Up and excited the next morning Nadia and I had breakfast and were at the tour office as instructed by 8.30am. By 9.30am our jeep was finally ready adn we started out on our 3hour journey along bumpy and extremely dusty red dirt roads. By the time we arrived for lunch we were filthy! There was about another hours travel after the lunch break to get us to the river where our boat was waiting to take us into the depths of the wilderness. Our guide was called Negro (I was sure I had mis-heard him at first) and he was a friendly enough guy. He spoke only basic english but we explained that we were fine as long as he didn´t talk too fast. The other four people on our boat were two french couples who really were not allthat chatty but oh well, Nadia and I were content to soak up the sun and spot animals. Spotting them was definitely no problem at all! From the minute we arrived there had been something to look at. Before we even got in our boat there were pink river dolphins cruising around in the water nearby and as soon as we got underway we saw alligators, more birds than you can imagine, monkeys and these cool creatures that I am not sure how to spell. I am going to run with Capibarra - they are a wierd cross between a guinea pig and a wombat and you will have to get on facebook to see my pics of them, it is worth it!

We spent our time in the Pampas (3 days 2 nights) cruising in the boat, walking through the wetlands in search of an anaconda which our lunatic guide picked up, pirhana fishing, night spotting the red eyes of the alligators, enjoying the sunsets and just generally relaxing in the warm, humid sun.

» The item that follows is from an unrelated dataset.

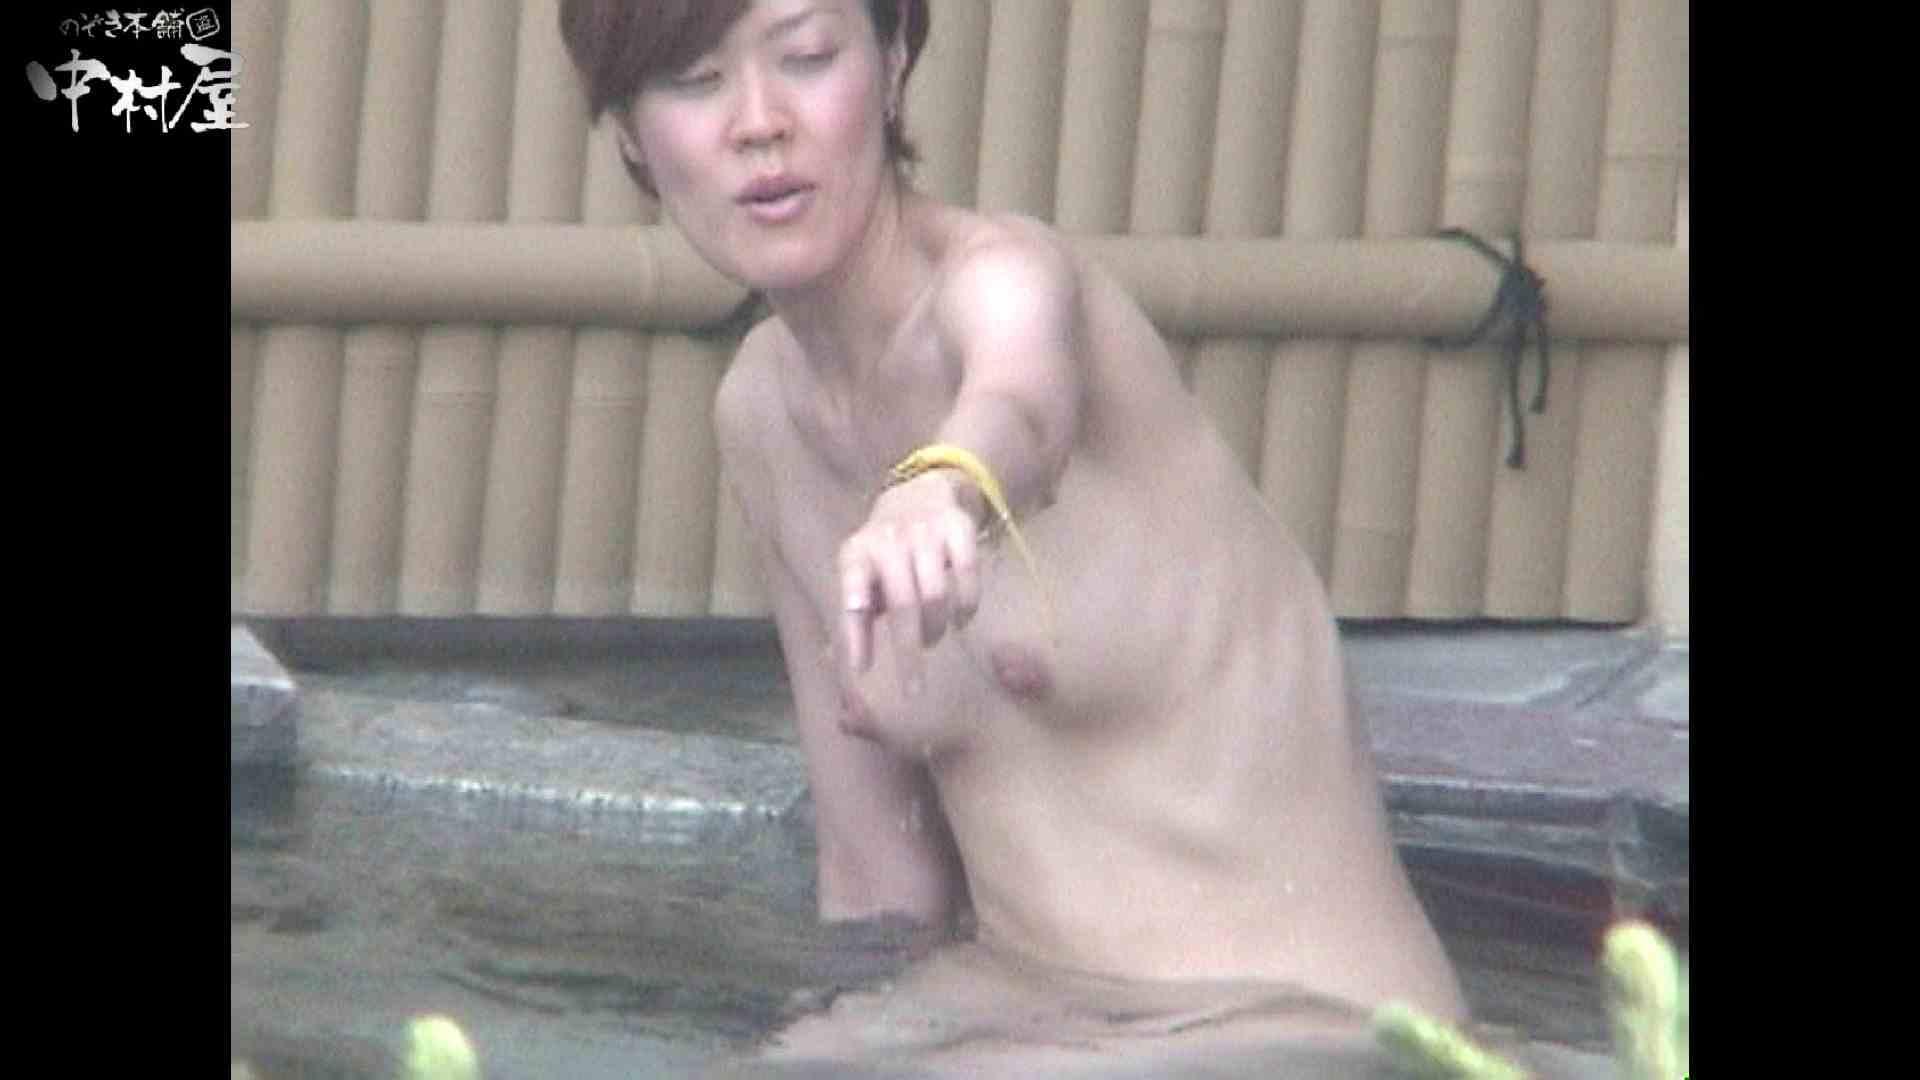 Aquaな露天風呂Vol.961 盗撮 のぞき動画画像 61枚 50

On the last day we were offered the opportunity to get in and swim near the pink dolphins. Given that they were not the friendly, playful type like many ocean going dolphins, we declined. It also had a lot to do with the fact that we had spotted more alligators than I could count and some of them were 4 or 5 metres long! I was also not encouraged to get too close to Pedro the friendly neighbourhood alligator that we were taken to see when Nadia noticed that our guide (who was feeding it chicken) was missing a few fingers! We asked him about that and he said - No, no, not Pedro, he is my friend. It was another alligator years ago that I used to catch and bind it´s jaw shut so tourists could take photos. One day it was too fast and got my fingers.                       Do you think he is a slow learner or what!

After another rough jeep ride back to Rurrenbaque we were filthy dirty again but without the joy of being able to put on clean clothes. We tidied up as best we could and went in search of dinner and beer before having an early night in preparation for our 7am flight back to La Paz.

***Highlights:

1. Seeing Nadia fall on her bum in the mud while anaconda hunting.

2. Getting to hold one of the pirhanas that our guide caught and eating them for dinner.

3. Not having caught malaria...so far, I think!